**COLLECTED DATA:**
************
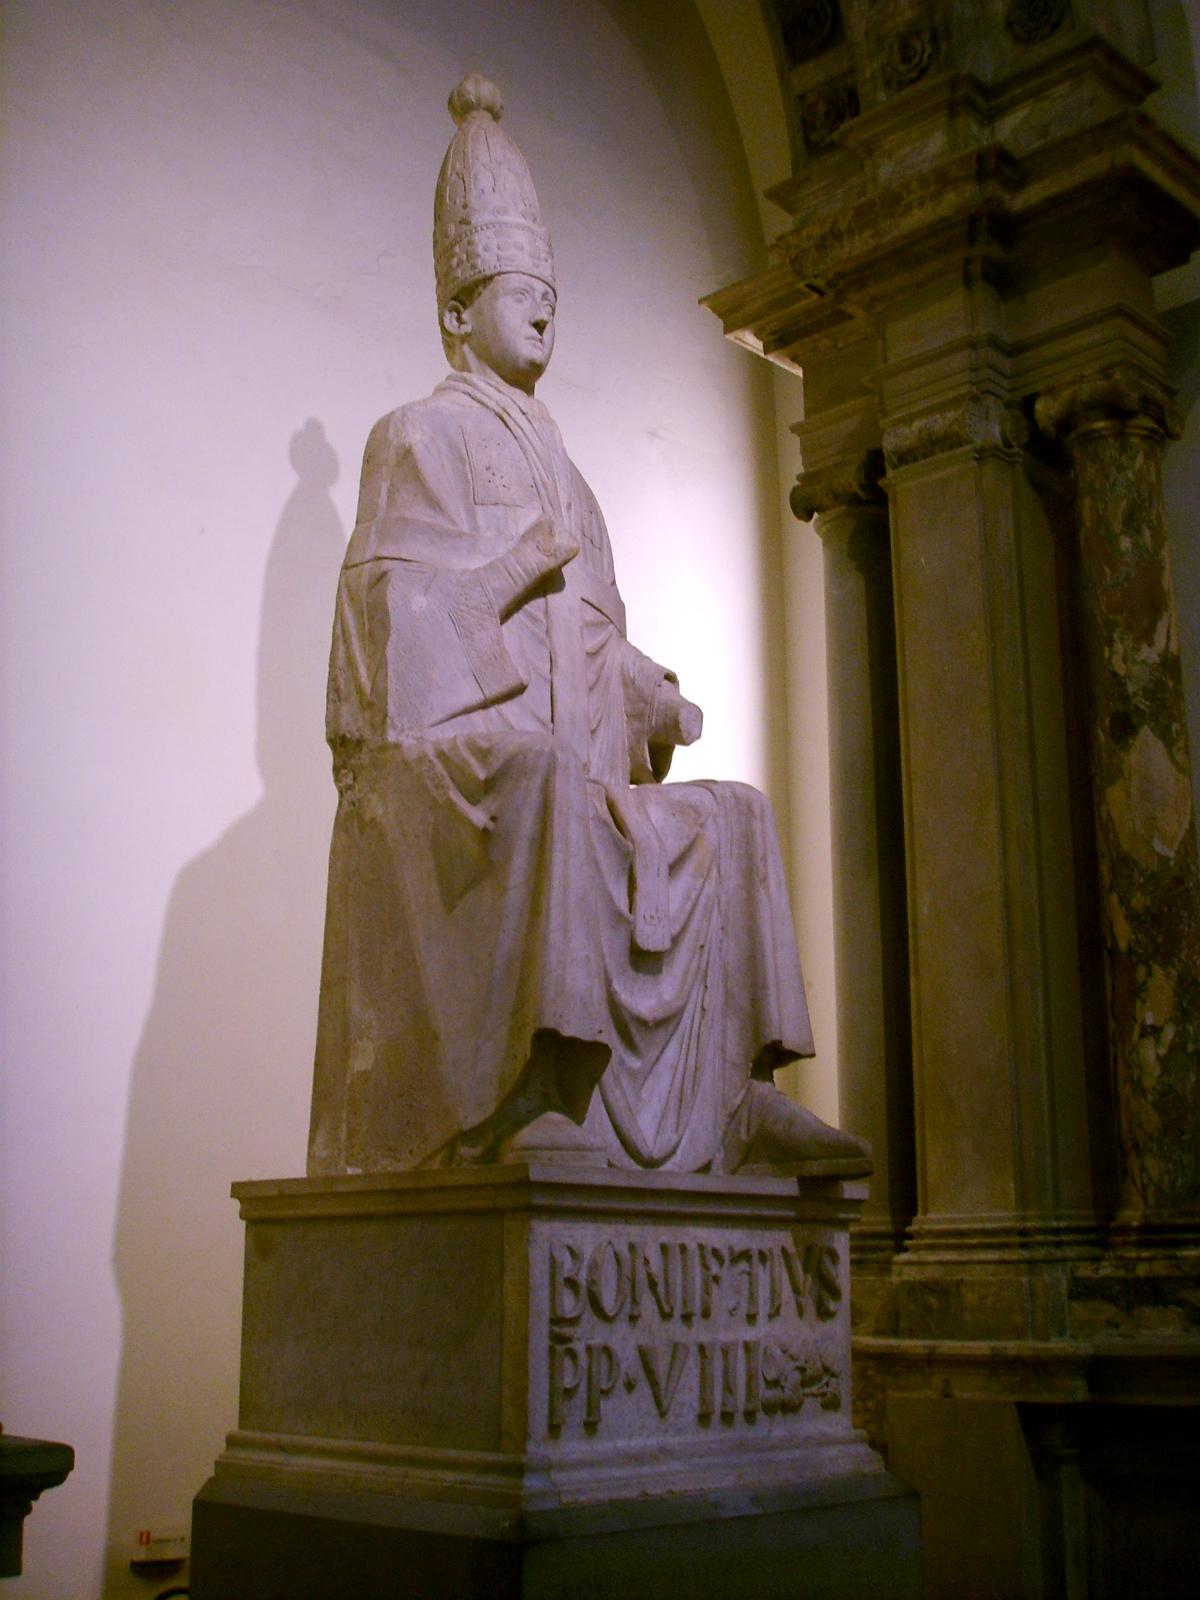 http://upload.wikimedia.org/wikipedia/commons/9/92/Opera_del_duomo_(FI),_arnolfo_di_cambio,_Bonifacio_VIII_,_1298_circa,_02.JPG
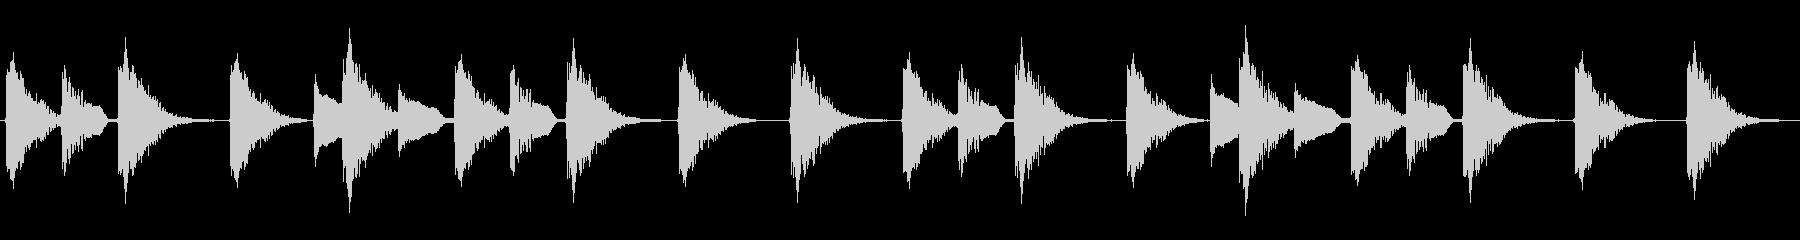 【ドラムロール(ハウス/トランス)】の未再生の波形
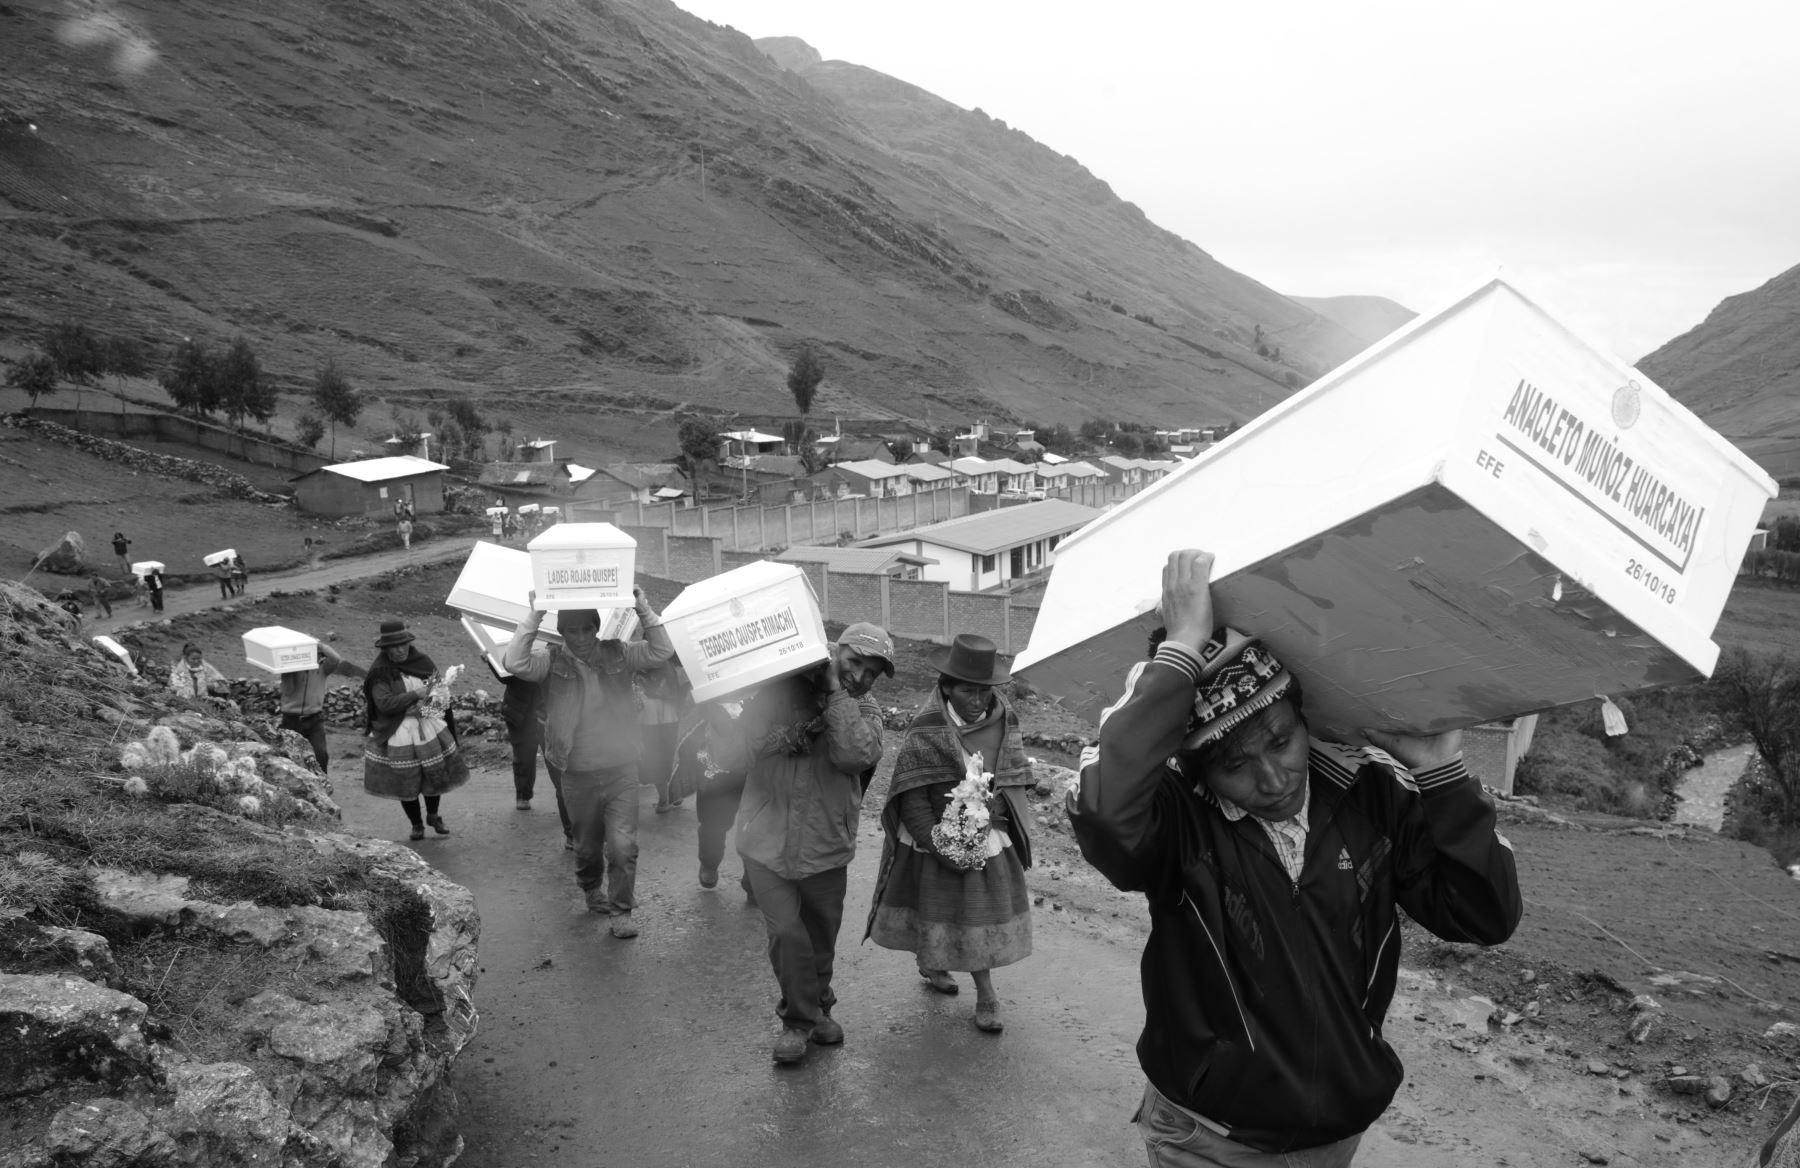 Hay más de 220 mil personas inscritos a nivel nacional en el Registro Único de Víctimas. La mayoría pertenece a Ayacucho, la región más golpeada por el conflicto armado interno 1980-2000, iniciado por Sendero Luminoso. Foto: ANDINA/Jack Ramón
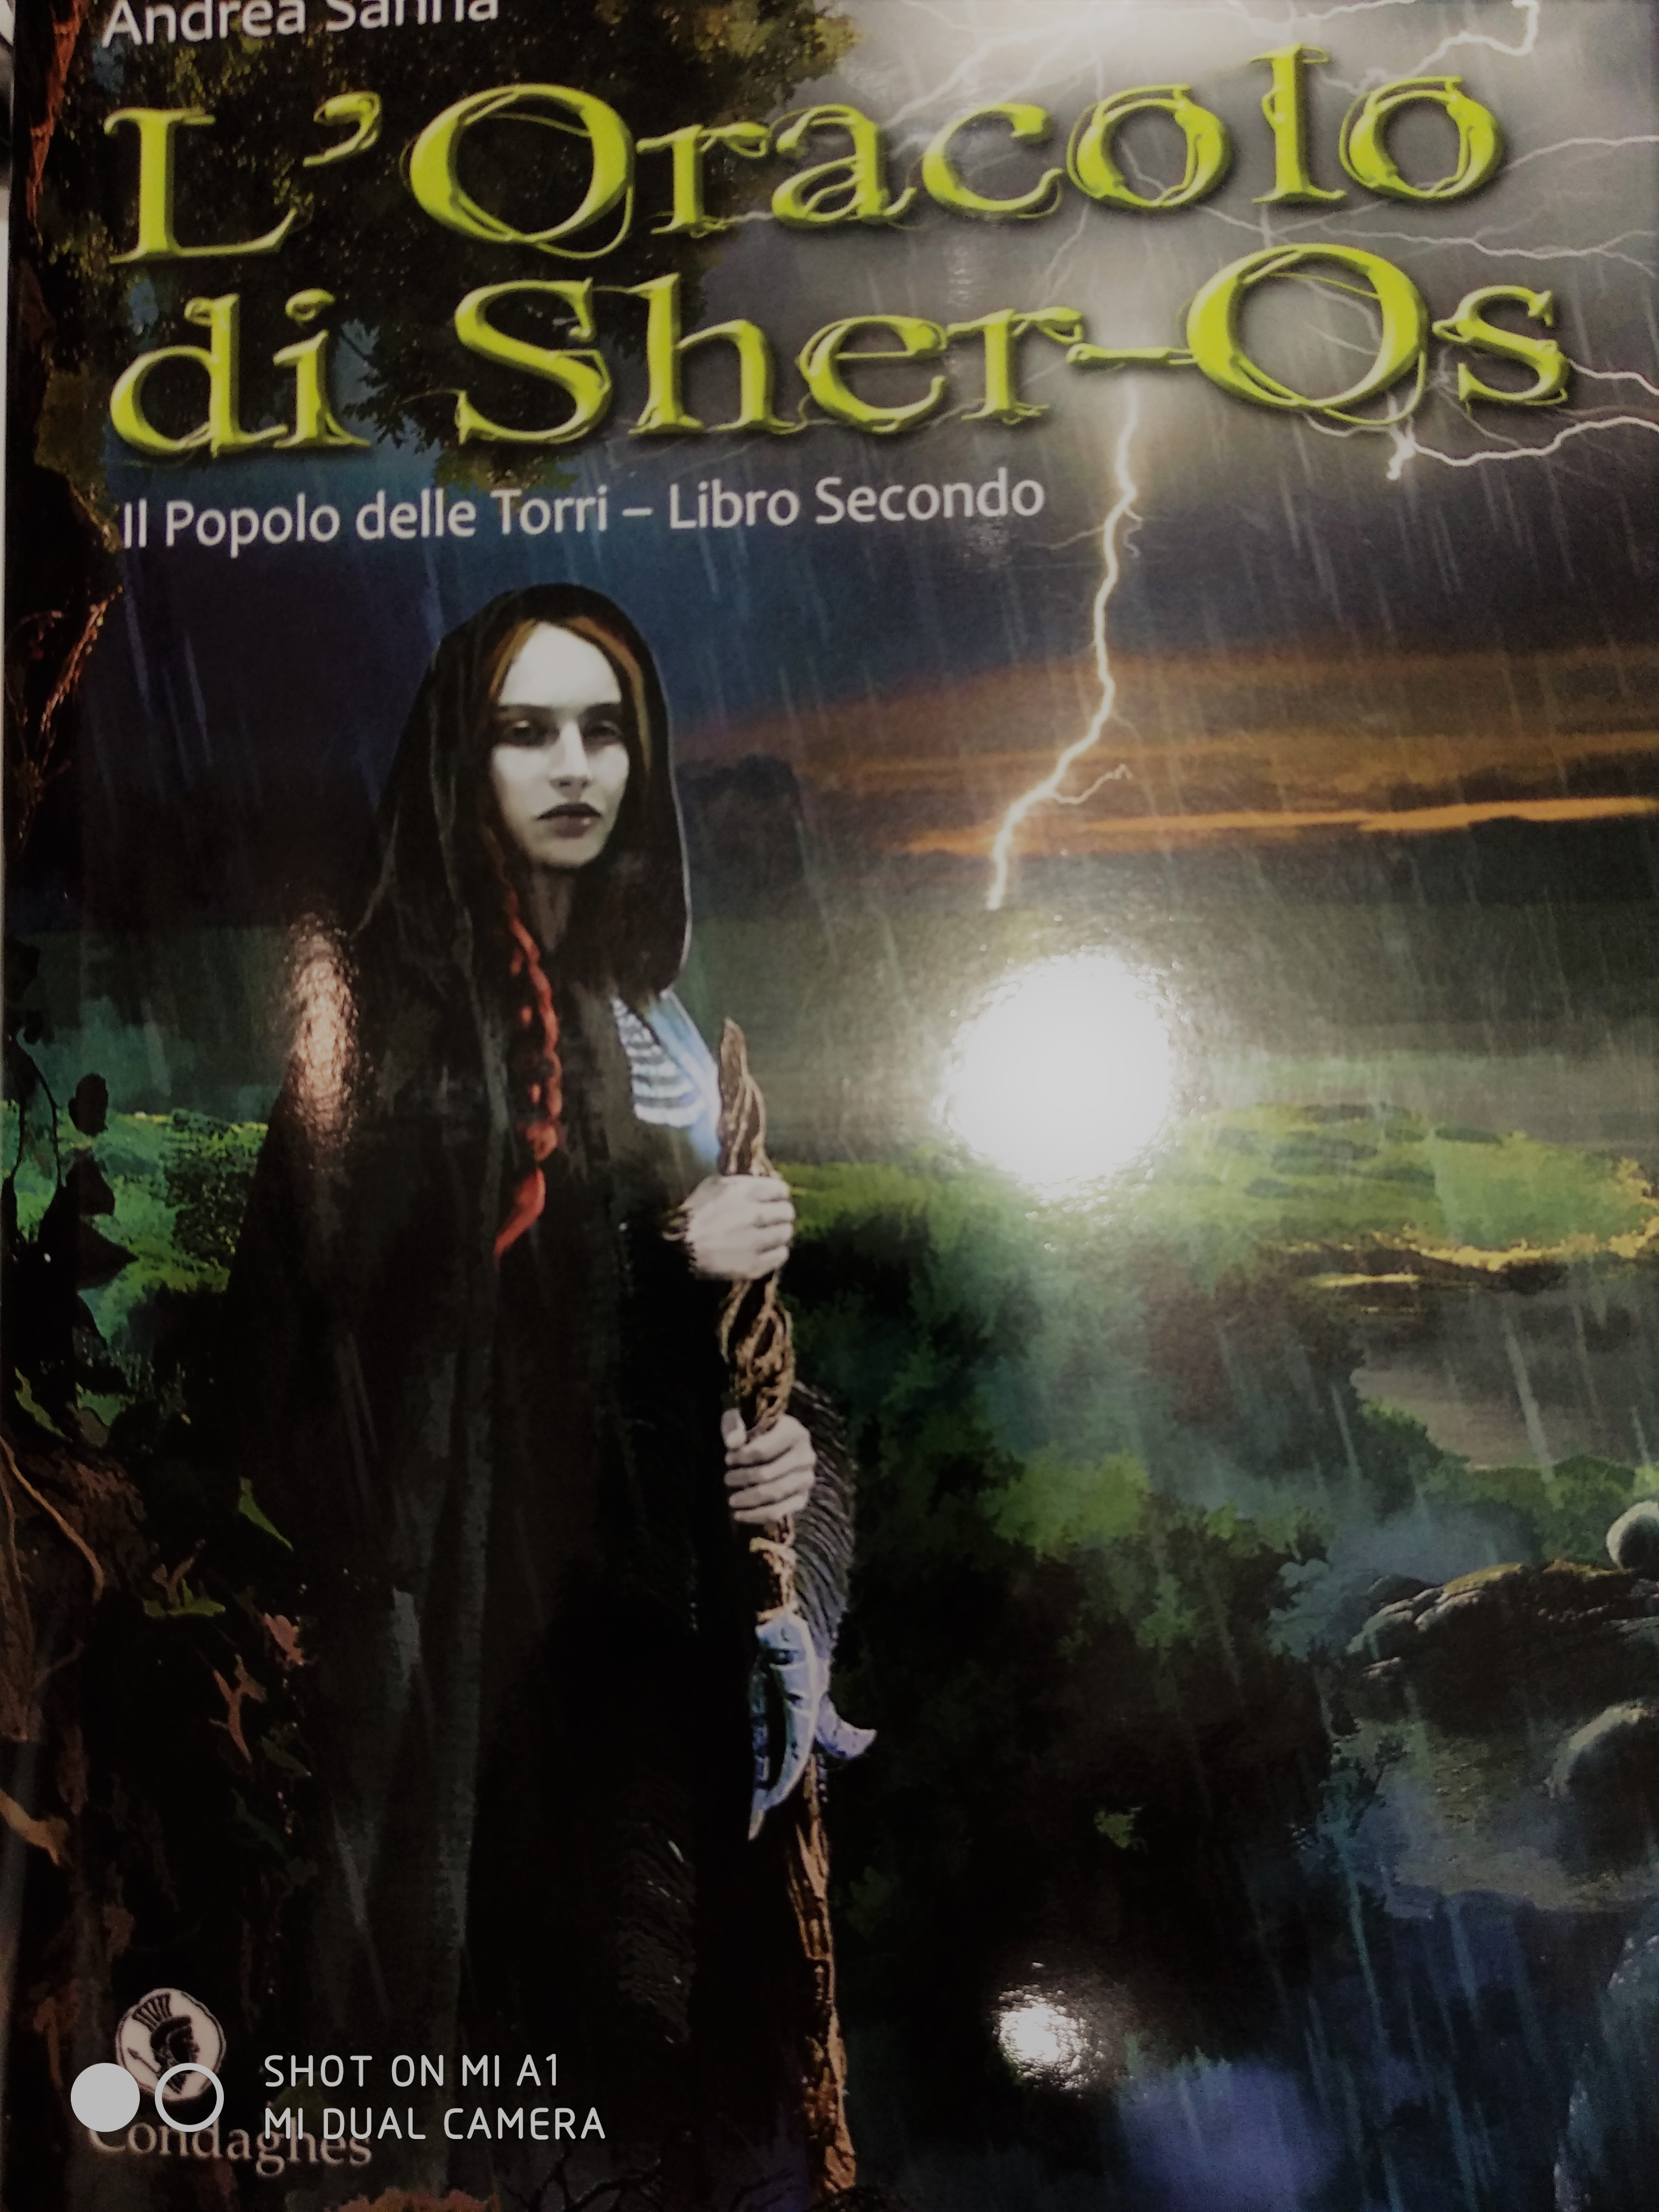 L'oracolo di Sher-Os
************
**WORK REQUEST:** An exact reproduction of the data is needed, with no pictures included.

**ANSWER TO THIS PROBLEM:**
 http://upload.wikimedia.org/wikipedia/commons/9/92/Opera_del_duomo_(FI),_arnolfo_di_cambio,_Bonifacio_VIII_,_1298_circa,_02.JPG
 【ドラムロール(ハウス/トランス)】の未再生の波形
 Hay más de 220 mil personas inscritos a nivel nacional en el Registro Único de Víctimas. La mayoría pertenece a Ayacucho, la región más golpeada por el conflicto armado interno 1980-2000, iniciado por Sendero Luminoso. Foto: ANDINA/Jack Ramón
 L'oracolo di Sher-Os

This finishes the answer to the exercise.